The Secret To Finishing

by Joe Siple

One common question I hear from fellow writers and non-writers alike is this: How long does it take to write a book?

It’s a good question, and the answer can vary widely. I’ve met authors who write four books a year, and I’ve heard Donna Tart took ten years to write The Goldfinch. Personally, I always answer, “I’ll let you know. So far, fourteen years.” Because I don’t have a  book out yet. But when asked how long it takes to write a book-length manuscript, I say it typically takes me somewhere around six to eight months.  

Whether you’re in the couple-months camp, the ten-year camp, or anywhere in between, the most important thing isn’t how long it takes to finish, but simply that you do finish. Far too many writers don’t. They start their “book” with grand ideas and lots of energy, only to see that energy fizzle and the book remain incomplete. And if there’s one thing I know about getting a novel sold, it’s that you must have a novel to sell. It’s kind of step number one.    
But how do you do that when you hit a wall? What happens when writer’s block rears its ugly head and won’t go away?  

The answer is to finish. At all costs. Just finish. 
Maybe that means you rush through the ending. You don’t milk the drama at the end. You don’t tie up all the loose ends. You write what you know full-well is a dissatisfying ending. Maybe you’re so frozen by writer’s block, so debilitated and lost and frustrated, that you can’t imagine writing another line.  
Fine. That’s all fine. Write “The End” after your last words and consider your novel finished.  
Because when you finish a novel, you can finally start to work on it.  
And that’s what writers need to understand. I’ve never met someone whose first draft hasn’t needed any editing, or whose ideas come out perfectly articulated on the very first attempt. I’ve never met anyone who’s met anyone like that. If such a person exists, they’re comparable to an insanely talented Big Foot—I’d love to meet one but probably never will.  
Finishing a first draft simply book-ends a story. Now you have a beginning, middle, and an end.  It might not be any good, but that doesn’t matter. You can make it good because now it’s manageable. Now you can see the story in its entirety, which allows you to see where it’s strong, where it’s weak, and what just needs to be rewritten. You get some distance from it, which could spark some creativity. Suddenly you know just what should happen at the end because you’re able to see the story differently.  
So if you’re struggling with your book, if you feel like it’s never going to be complete, just finish it.

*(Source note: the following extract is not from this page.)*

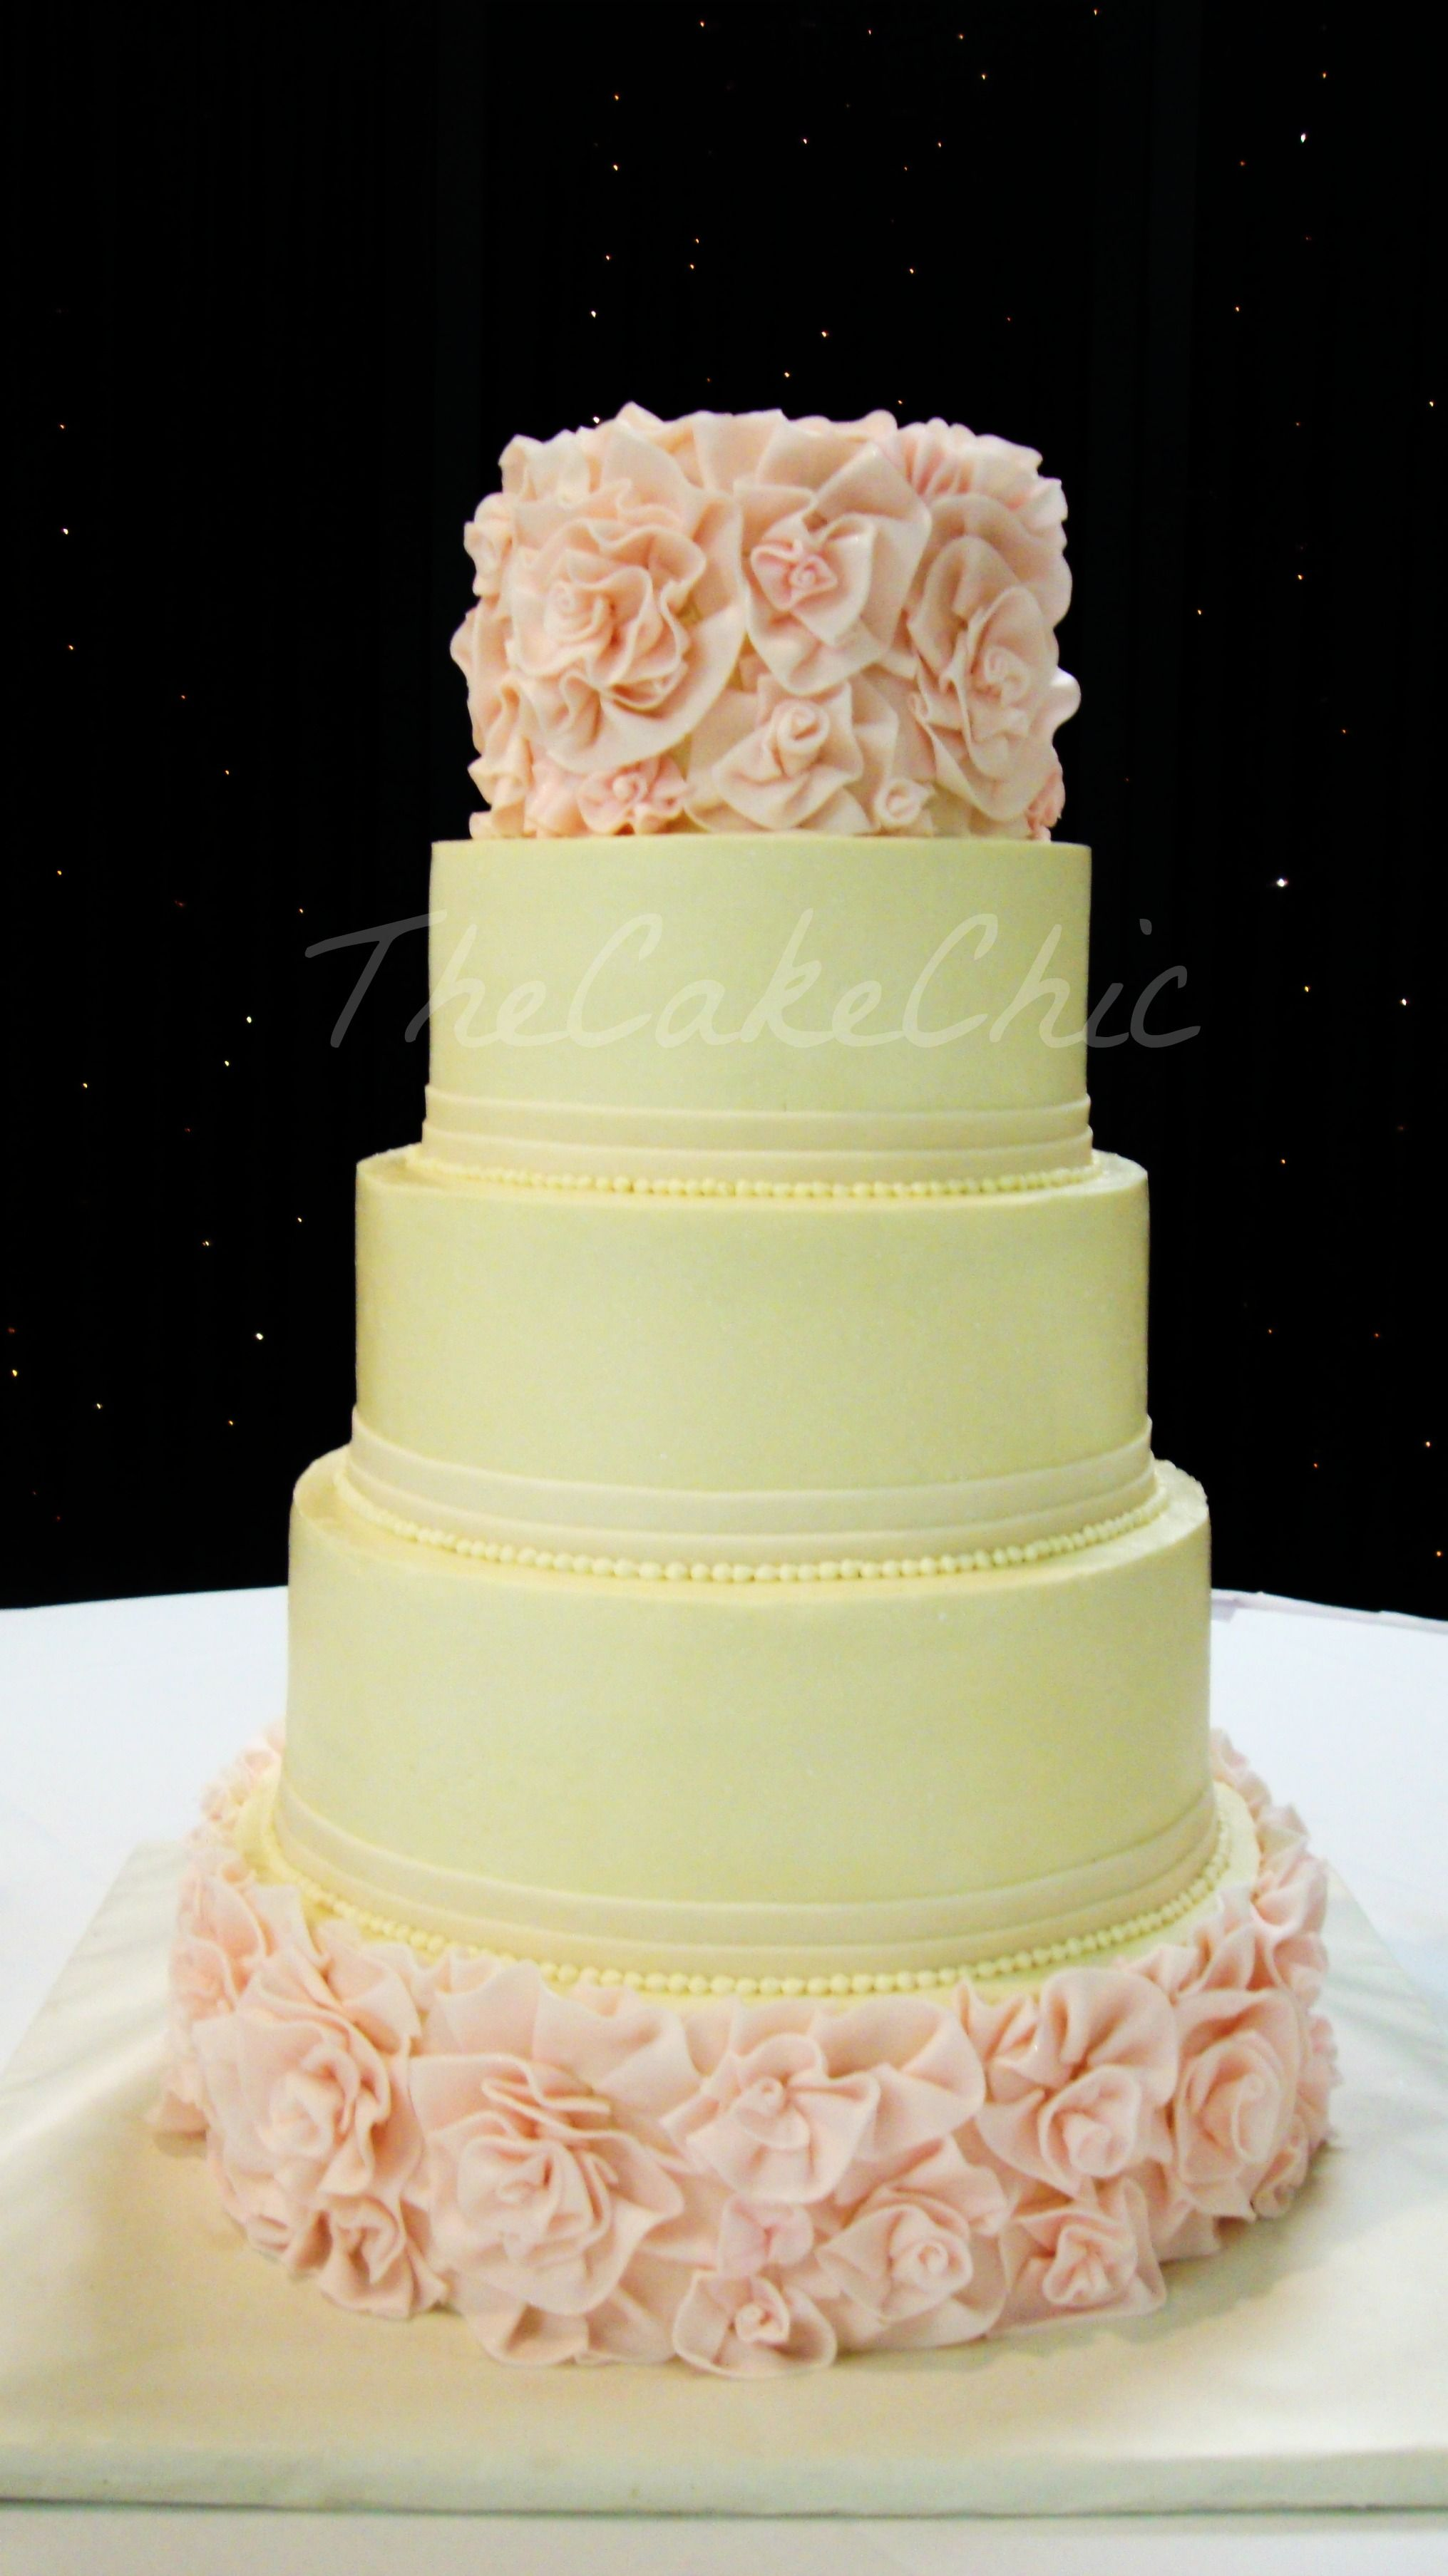 Ivory and Blush Flower Ruffle Wedding Cake. From bottom: Vanilla ...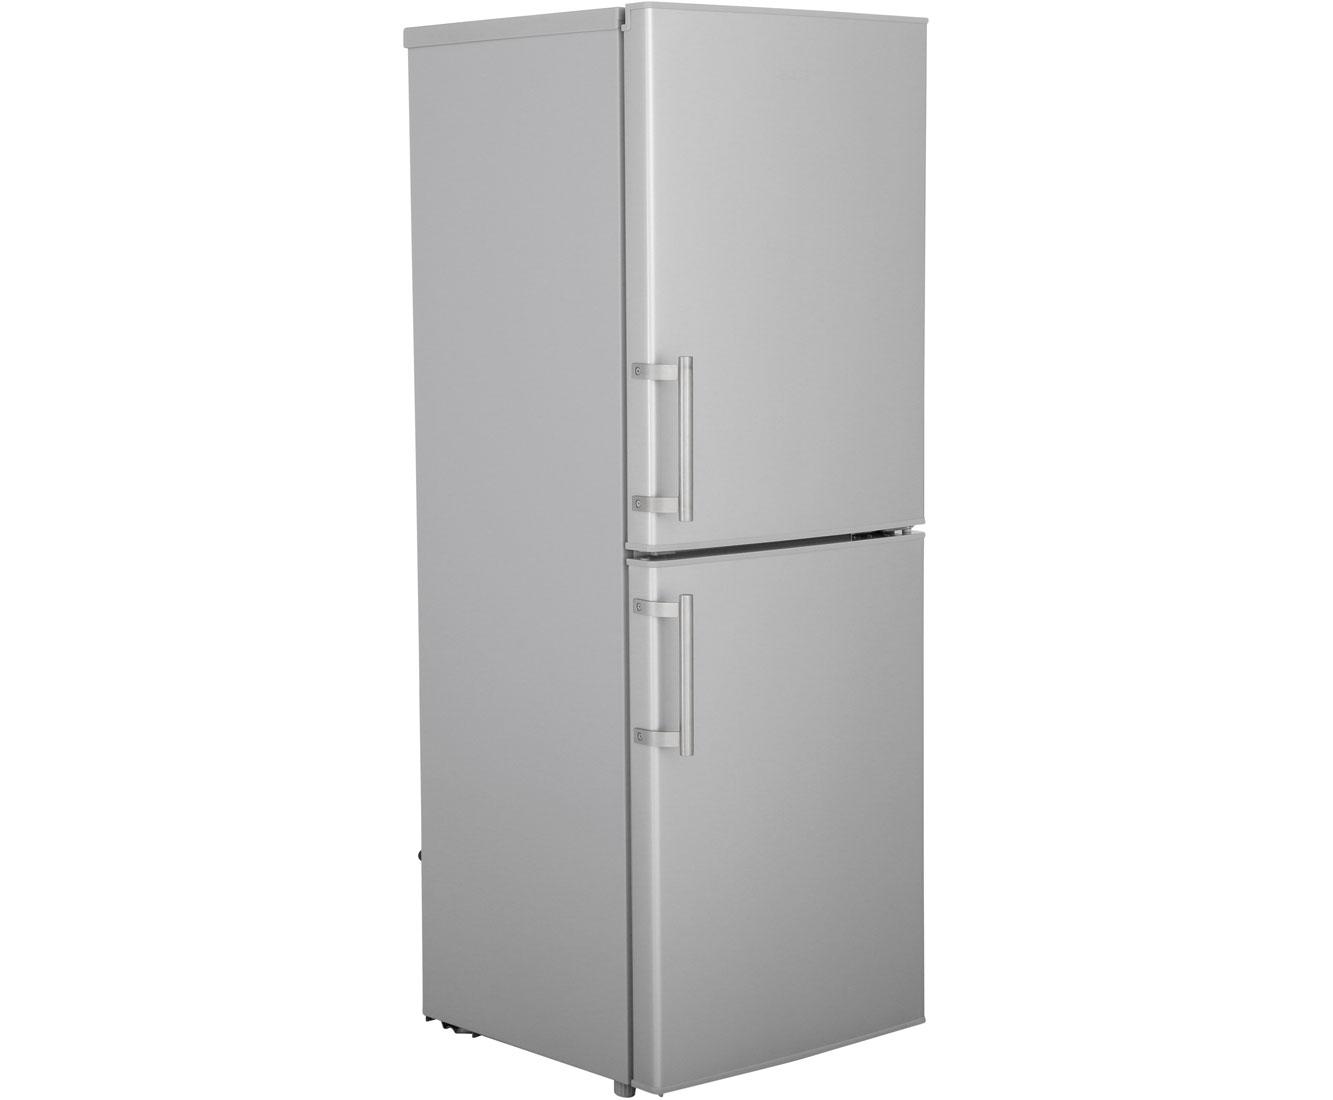 Retro Kühlschrank Hofer : Kühl gefrierschränke hofer gefrierschrank nordfrost kühl

Then you can start working on it.  

3 comments:

April Moore said...

Great advice, Joe. Writing "The End" may be just what it takes to break through any blocks.

Patricia Stoltey said...

This is so true -- getting that first draft finished, no matter how imperfect, is the one thing that will keep the novel alive through revisions and self-editing. Without the first draft, we have nothing.

David Sharp said...

I couldn't agree more. It's so much easier to work with something when you've got something to work with. And odds are there are multiple rewrites to come, so we might as well just push through.